Chip-manufacturing equipment maker Lam Research Corp. said last week that it’s seeing an unprecedented reduction in orders as memory customers cut and postpone spending. Executives at the company, which counts Samsung, SK Hynix and Micron as its top customers, declined to predict when such actions might help the memory market rebound.
“We’ve seen extraordinary measures within the memory market,” Lam CEO Tim Archer said on a call with investors. “It’s at levels that we haven’t seen in 25 years.”
It’s always been difficult for memory makers to handle spikes and troughs in demand. Bringing new factories online takes years and billions of dollars, so it’s hard to get the timing right.
The risks have prompted companies in the industry to get more conservative. They’re more focused on profitability than trying to grow quickly and gain market share.
That’s especially true for so-called DRAM chips, where the three dominant suppliers — Samsung, Hynix and Micron — are reducing supply, said Shin Jinho, co-CEO of Midas International Asset Management. The other major part of the memory market, NAND chips, is more fragmented and is set to go through a more severe battle as the many contenders fight for survival, he said.
“The NAND market is experiencing fierce competition and the recovery will follow one quarter after the DRAM market recovery,” Shin said. “If the situation gets longer, eventually, we are going to see consolidation in the NAND market.”

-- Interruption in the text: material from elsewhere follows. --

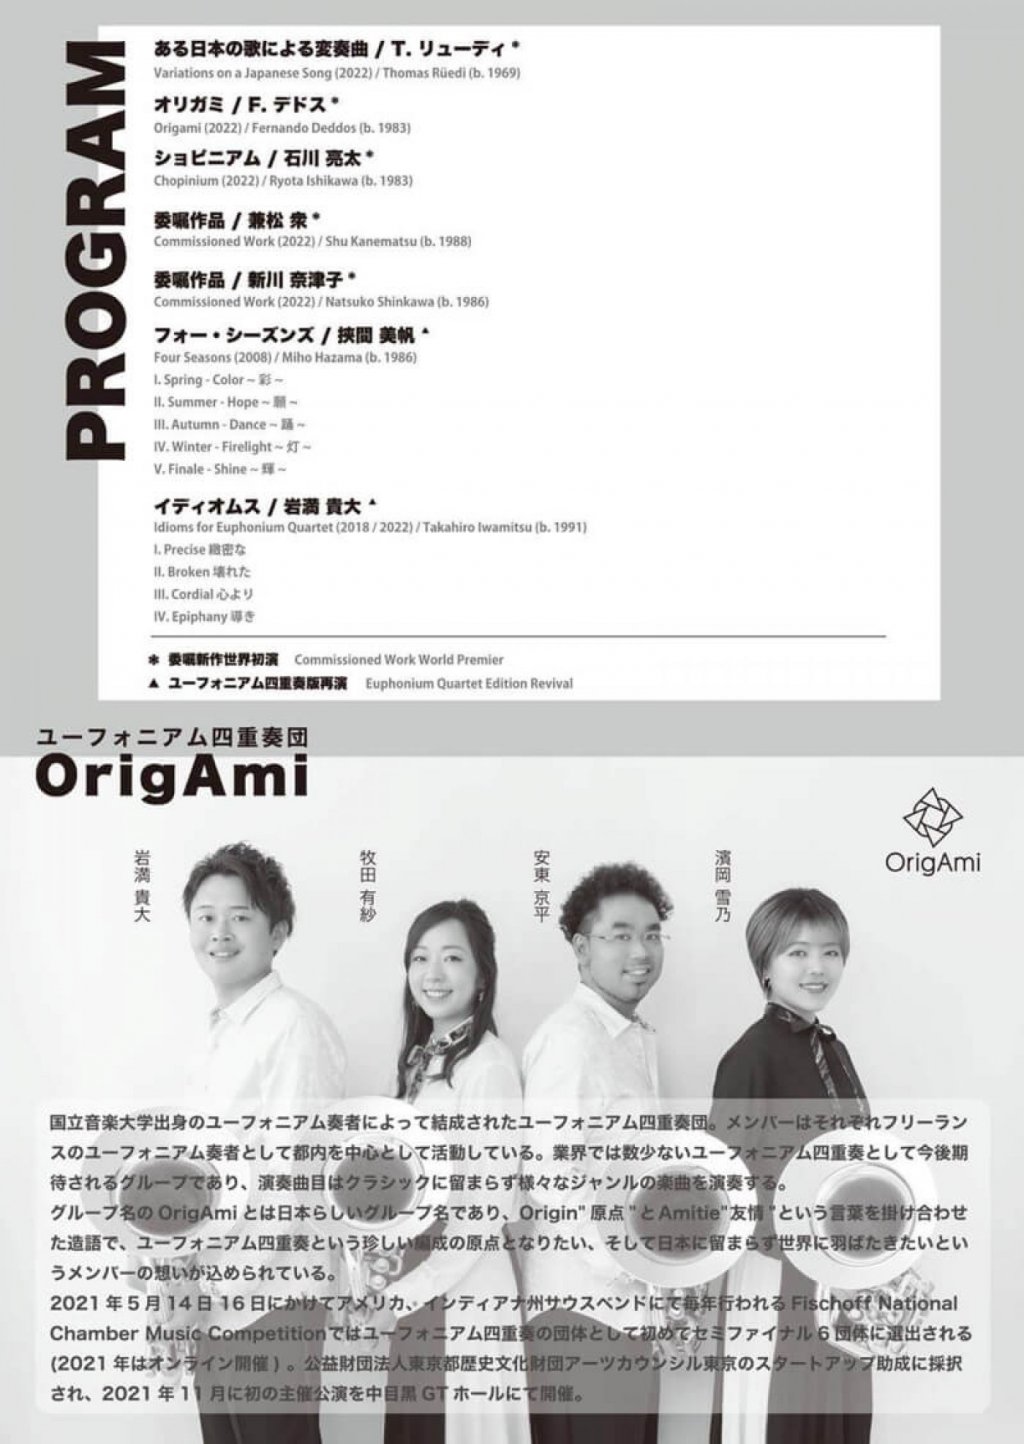 ユーフォニアム四重奏団 OrigAmi コンサートシリーズ 2021 Vol.2

The memory industry had mergers during previous downturns, and this one may be no exception. NAND makers Western Digital Corp. and Kioxia Holdings Corp. are progressing in their deal talks, people familiar with the matter said this month. Still, the companies already manufacture jointly and thus a merger won’t necessarily lead to reduced output.

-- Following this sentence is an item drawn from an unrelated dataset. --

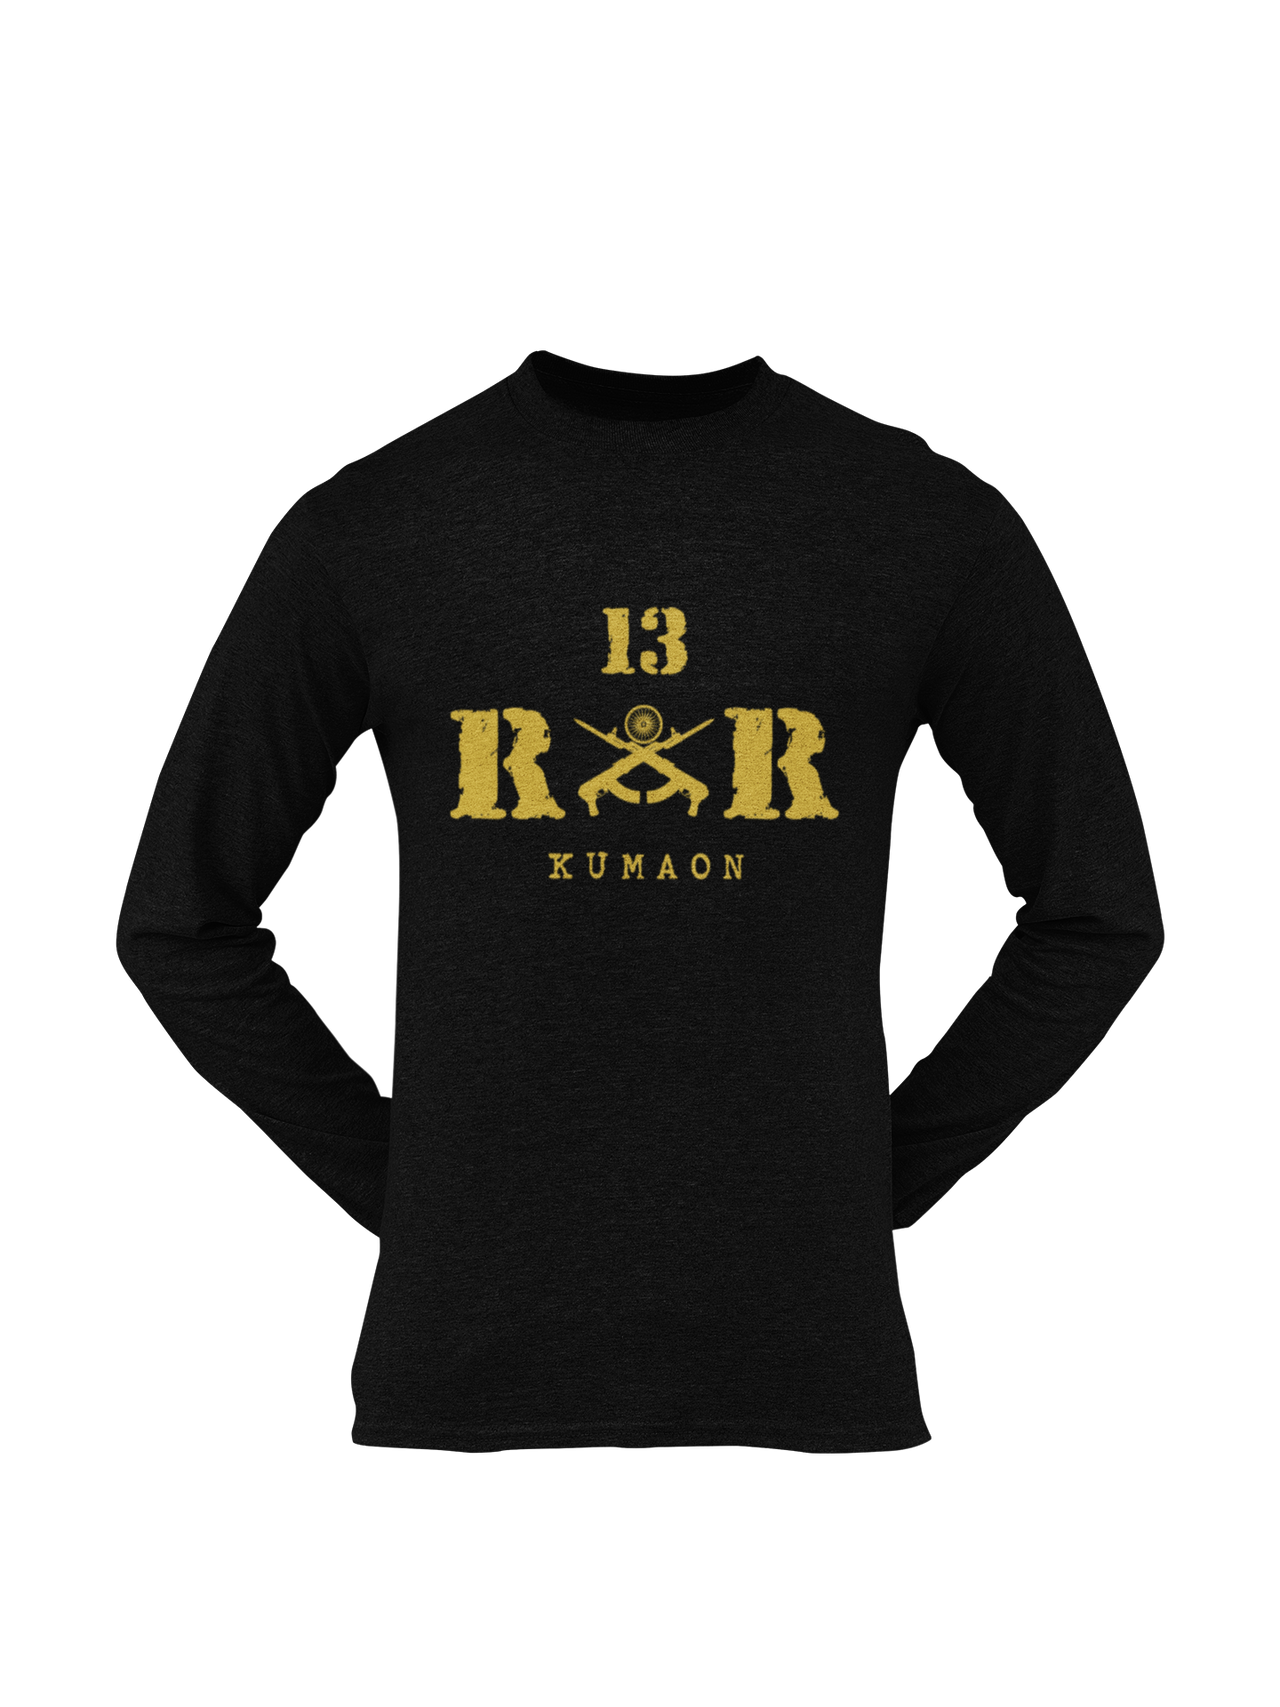 Rashtriya Rifles T-shirt - 13 RR Kumaon (Men)

The longer-term question is when customers’ demand will bounce back. China’s recent exit from Covid-related restrictions could be one catalyst to help the industry, as gadget makers will be able to bring manufacturing plants back to normal rhythm, said Greg Roh, head of technology research at HMC Investment & Securities.
“There will be pent-up demand for gadgets as well,” Roh said. “Our view is that memory will recover in the second half.”